Predictive monitoring on systems AND business logic, with lots of data, and very complex questions being answered. This can be done right now with nagios, graphite and carbon. Nagios fills the monitoring and alerting needs. Carbon stores lots of numerical data, very fast from a lot of sources. Finally with Graphite you can start asking really serious questions like "How did the code push effect overall page performance time, while one colo site was down? What's the business cost loss? Where were the bottlenecks in our environment? Server? Disk? Memory? Network? Code? Traffic?" Once you've constructed one of these list of questions in graphite you can save it for the future, and not only monitor it, but because of legacy data kept on so many key points use it for future predictions.
That said, how do you all that now? Well you throw nagios, graphite and carbon out there and then you CREATE a whole lot of stuff that is specific to your org. This is a lot of work, a lot of effort and takes time and real understanding of the full application and what your end SLA goals are.
So how do we do all this?
You as an admin do this, by creating custom nagios plugins and data handlers on your systems and throwing them in to carbon. As an admin you measure everything, and I mean everything. Think all of the output from a vmstat and an iostat logged in aggregate one minute chunks on every single server you have and kept for years.

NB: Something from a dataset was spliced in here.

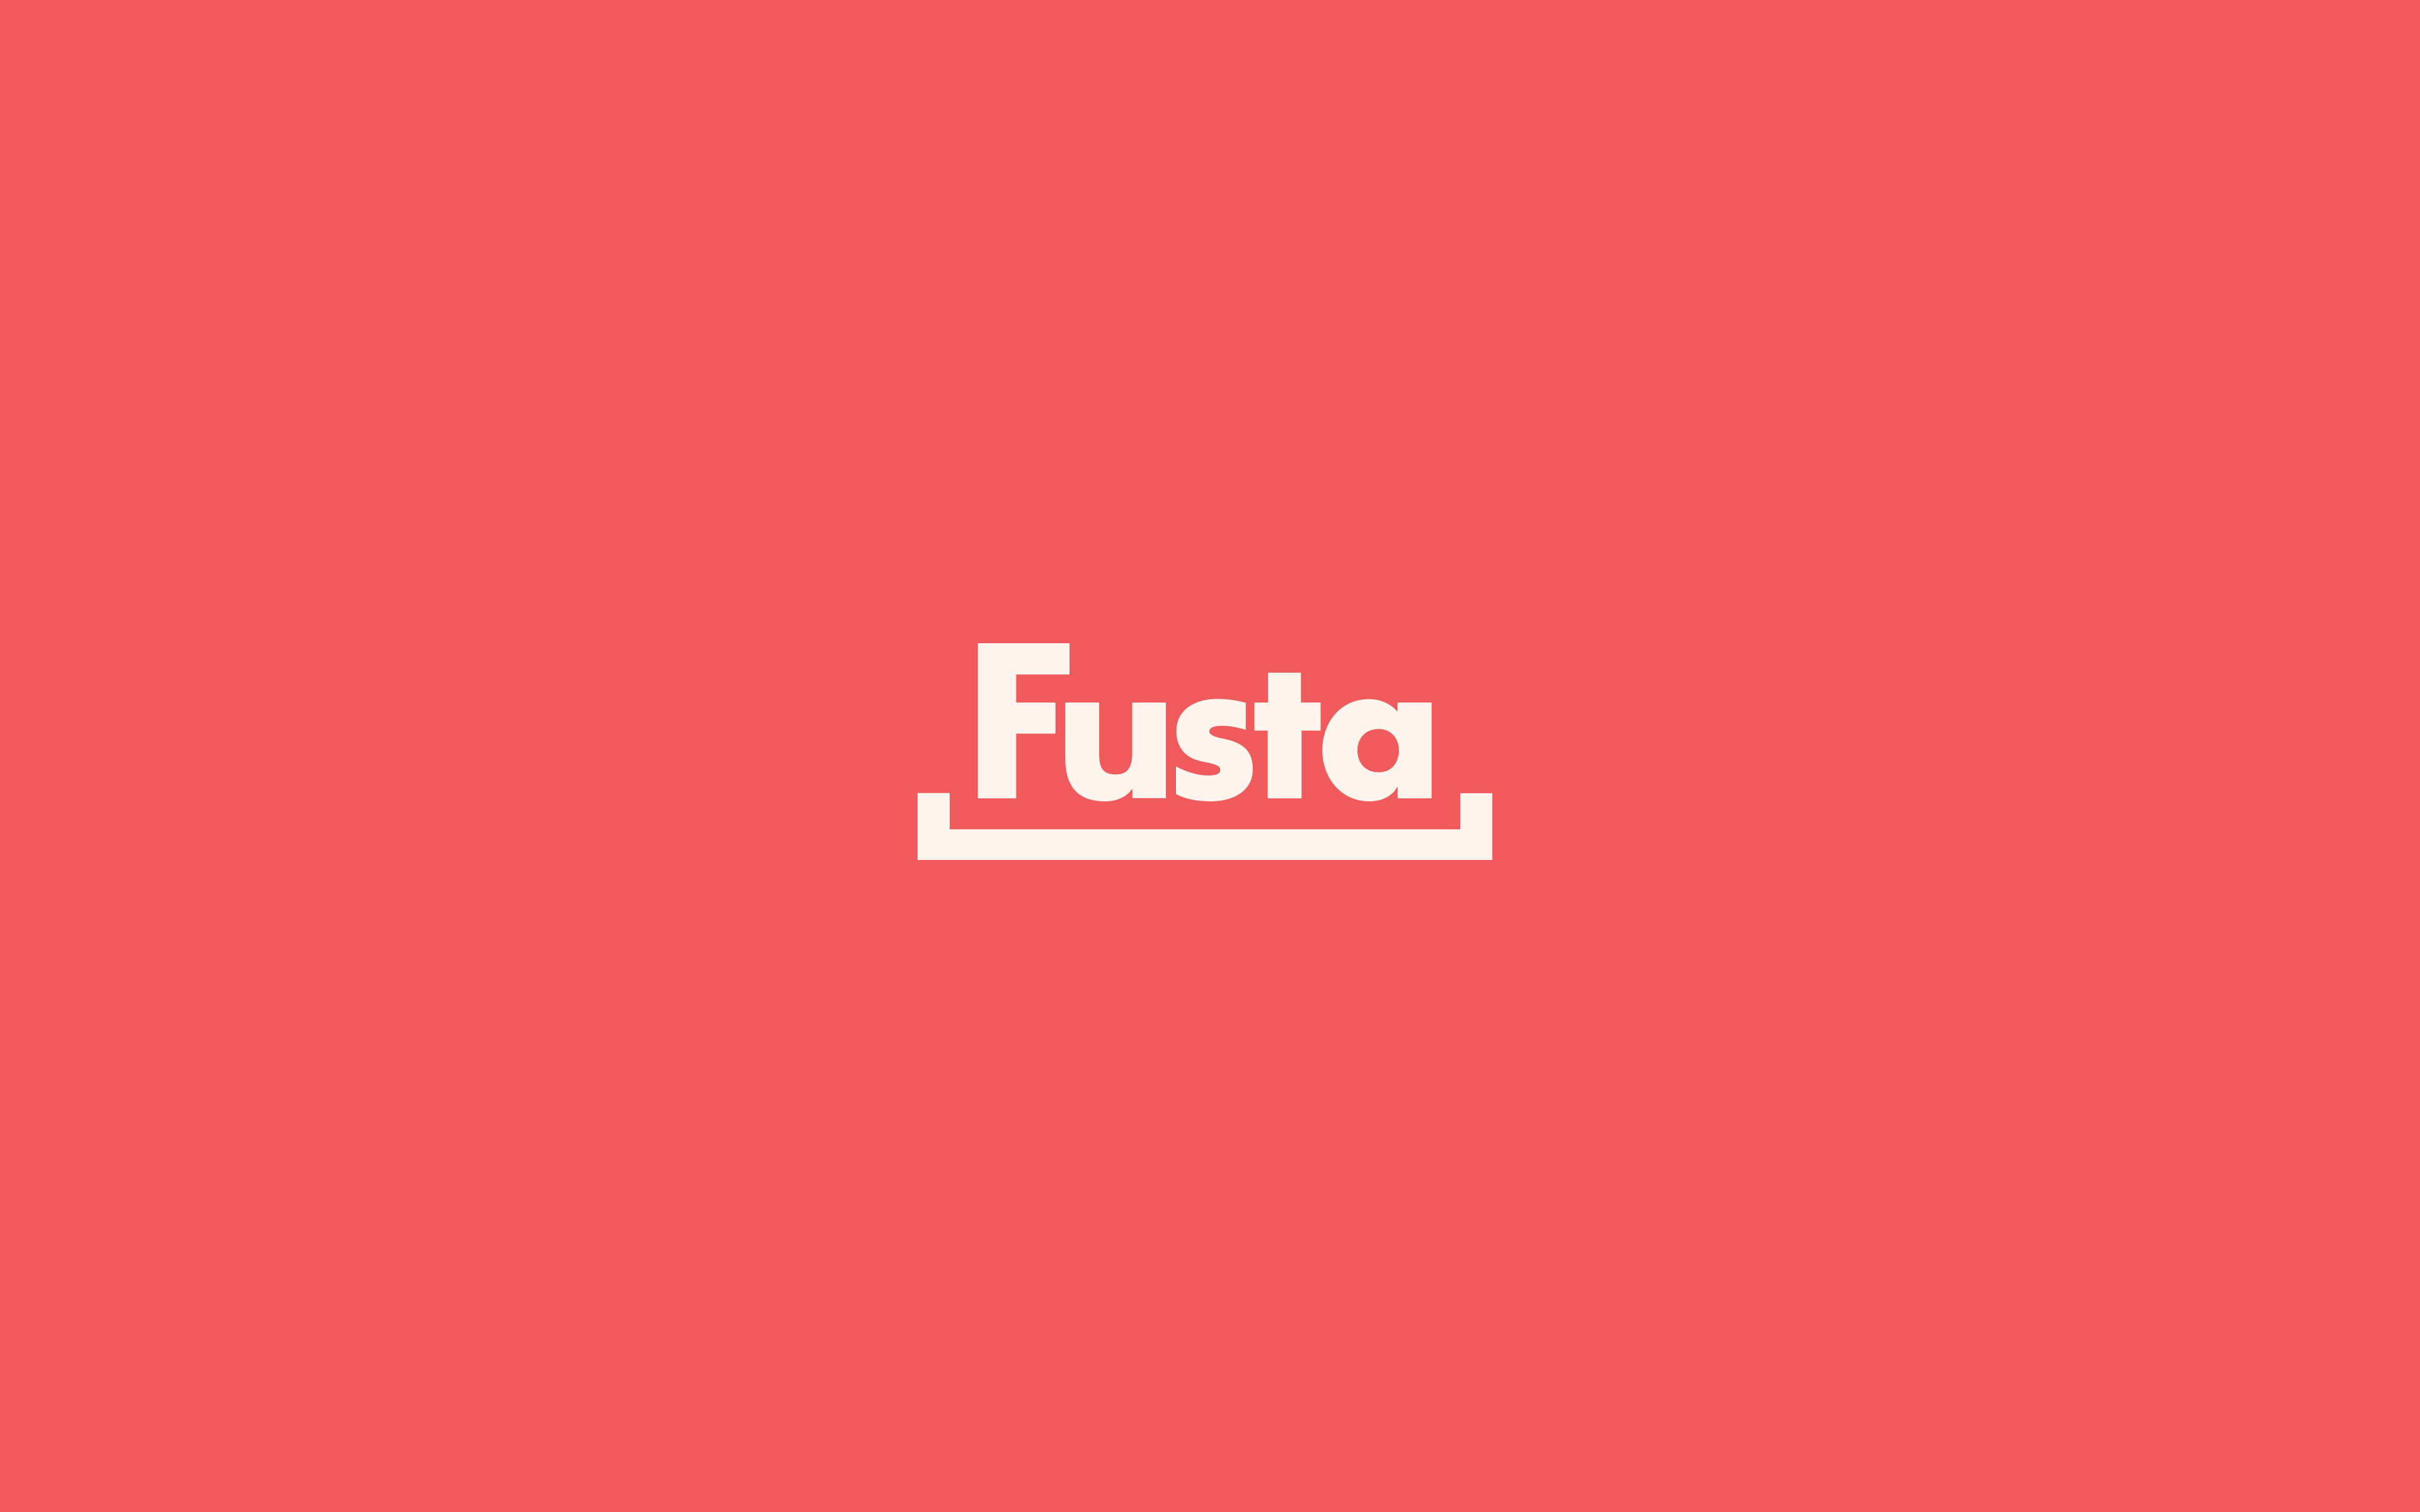 Fusta. Name. Design Agency.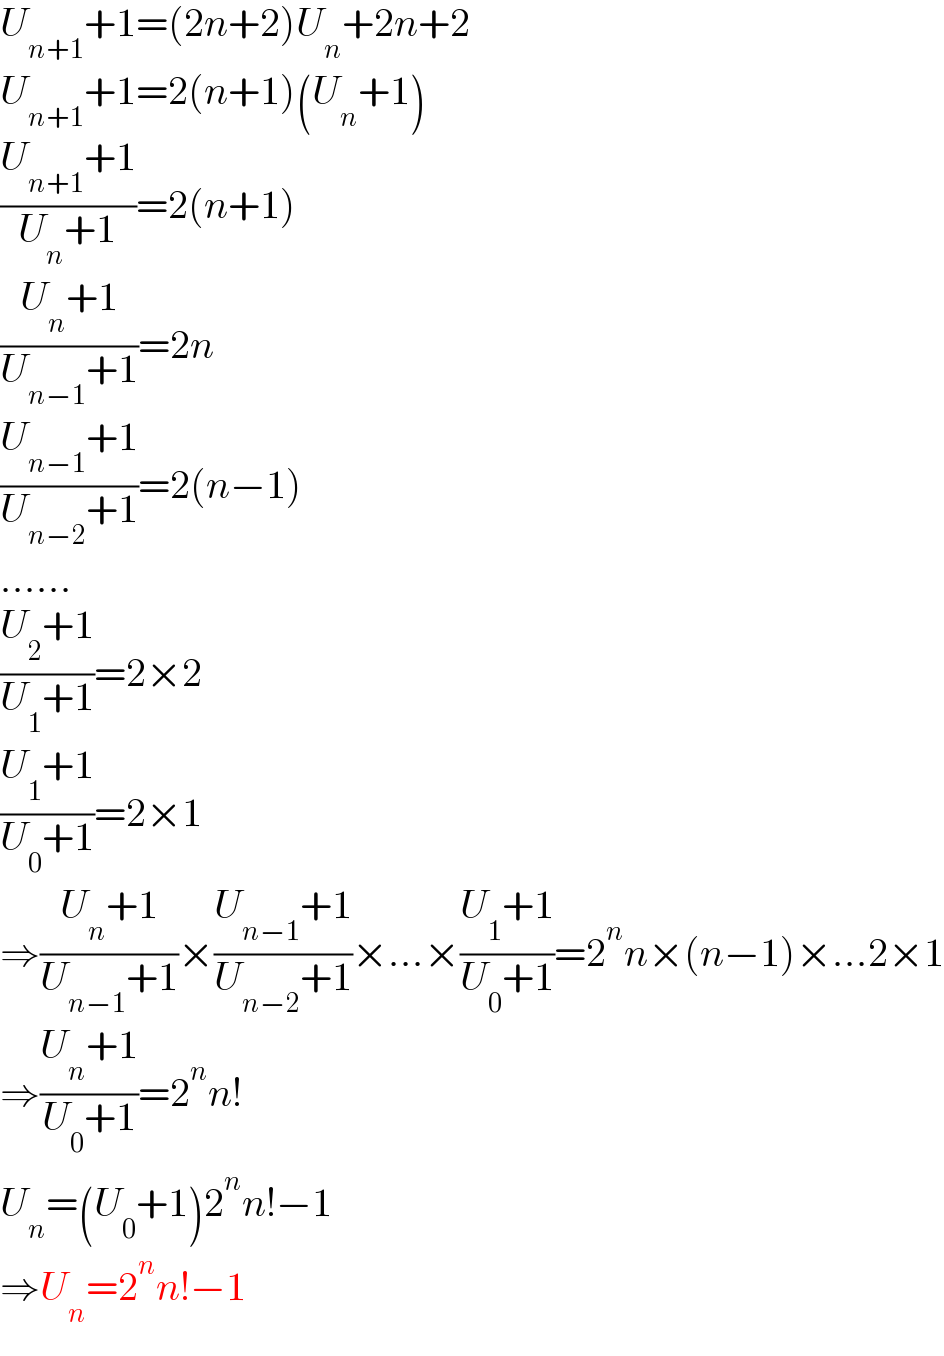 U_(n+1) +1=(2n+2)U_n +2n+2  U_(n+1) +1=2(n+1)(U_n +1)  ((U_(n+1) +1)/(U_n +1))=2(n+1)  ((U_n +1)/(U_(n−1) +1))=2n  ((U_(n−1) +1)/(U_(n−2) +1))=2(n−1)  ......  ((U_2 +1)/(U_1 +1))=2×2  ((U_1 +1)/(U_0 +1))=2×1  ⇒((U_n +1)/(U_(n−1) +1))×((U_(n−1) +1)/(U_(n−2) +1))×...×((U_1 +1)/(U_0 +1))=2^n n×(n−1)×...2×1  ⇒((U_n +1)/(U_0 +1))=2^n n!  U_n =(U_0 +1)2^n n!−1  ⇒U_n =2^n n!−1

From the dev site you get the Lead Dev to agree on some key points where the AppStack should put out some data to carbon. This can be things like time to login, some balance value, whatever metric you want to measure. The key here is to have business logic metrics AND system metrics in the same datastore within Carbon. Now you get to ask question across both data sets, and you get to ask them frequently and fast. You are able to easily make predictions about more load impacting the hardware in what manner, i.e. do we need more spindles, more memory, etc...
This is what I have been doing with some companies in SV right now. It's not pretty or fully blown out yet, because it is a big huge problem and our current monitoring sucks. :D
but it IS doable with current stuff and is quite amazing to know answers to questions that were previously only dreamed about.
What's after that? The pie in the sky next level, would be having an app box in every app group running in debug mode, receiving less traffic of course through the load balancers, and loading all that debug data into carbon. Then you get to ask questions about specific bits of a code release and performance on your real production environment.
... so those are my initial thoughts. Any comments? :)
Further once you have all this, you can now write nagios plugins to poll carbon for values on questions you have created and then alert not only on systems logics and basic app metrics, but real queries that are complex. Stuff like "How come no one has bought anything off page X in the last two hours, is it related to these other conditions? Oh. It is. Create me an alert in nagios so we can be warned when it looks like this is about to happen again." With much more data across more areas you can ask and alert on pretty much anything you can imagine. This is how you make it to next level.